We need more accurate information out there. We need better testing and we need the Lyme Borreliosis Sub-Committee to actually meet and get some work done. Its not enough for the Minister to have set the Sub-Committee up they need to actually meet and, in consultations with patients, develop a work plan. Too much of what we have is already hit and miss and not reflective of best practice. For example why does the HPSC website list the bullseye rash as the first symptom? Not everyone gets the rash. Focusing on the rash undermines efforts at awareness raising. Why did the Minister not acknowledge the weaknesses of the current testing in Ireland? Even its manufacturer says it shouldn't be relied on for accurate diagnosis. There are better testing methods out there. Testing that can save time and money and human suffering. Why aren't we using them? Why is there no political urgency around this disease?

Ursula Power
Posted on 5 May 2017 8:45 pm (Report this comment)

As a person with Lyme and Co, I find it very frustrating when our Minister and the HPSC is not up to date with the wealth of knowledge available - my 3 children have Lyme and multiple Co infections but have neither been notified, nor did they ever have a 'classic' rash as they were born with it! Yes, it is congenitally transmissible.

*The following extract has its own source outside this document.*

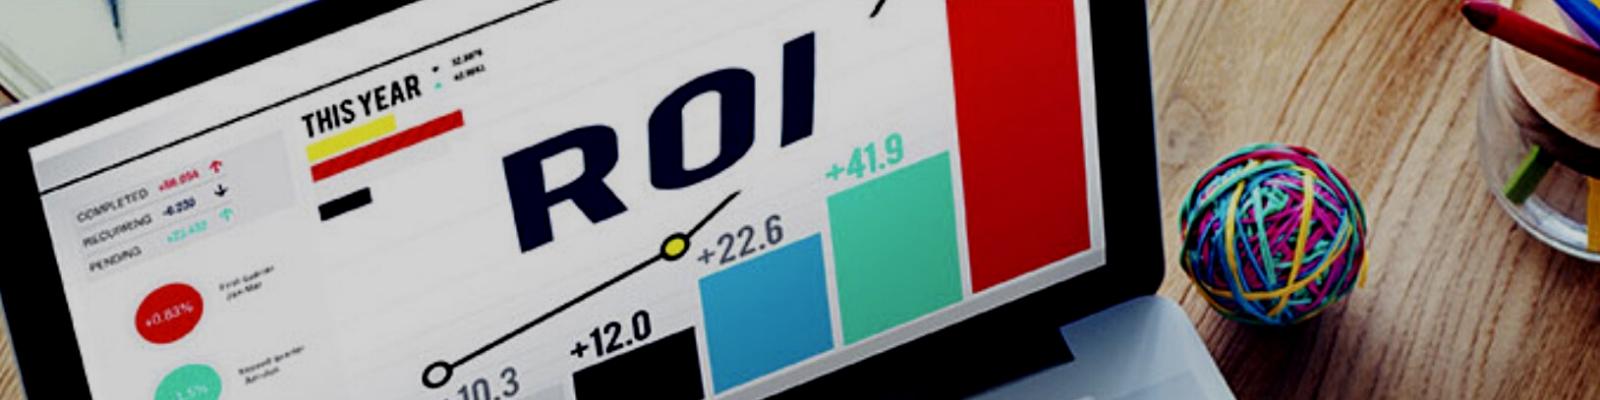 pillar-definitive-guide-measuring-tracking-sales-training-roi-hero

My youngest has been seen by more doctors and Consultants than I can remember, since birth, yet Lyme was never suggested. When I finally figured it out and had him tested - his test in Ireland was negative. I sent all our bloods abroad and they were all confirmed positive, but even though the accreditation of said German lab is the same as our Irish labs, our results are not recognised here. Hence, we have no access to treatment. My GP admits he has no knowledge of use. There are thousands of others in exactly the same predicament.
Our European neighbours are taking this seriously and affording it the reverence it deserves. Our citizens deserve better and if we continue on the back foot we will have a nation of chronically ill people, many of them children. That is not a future anyone wants.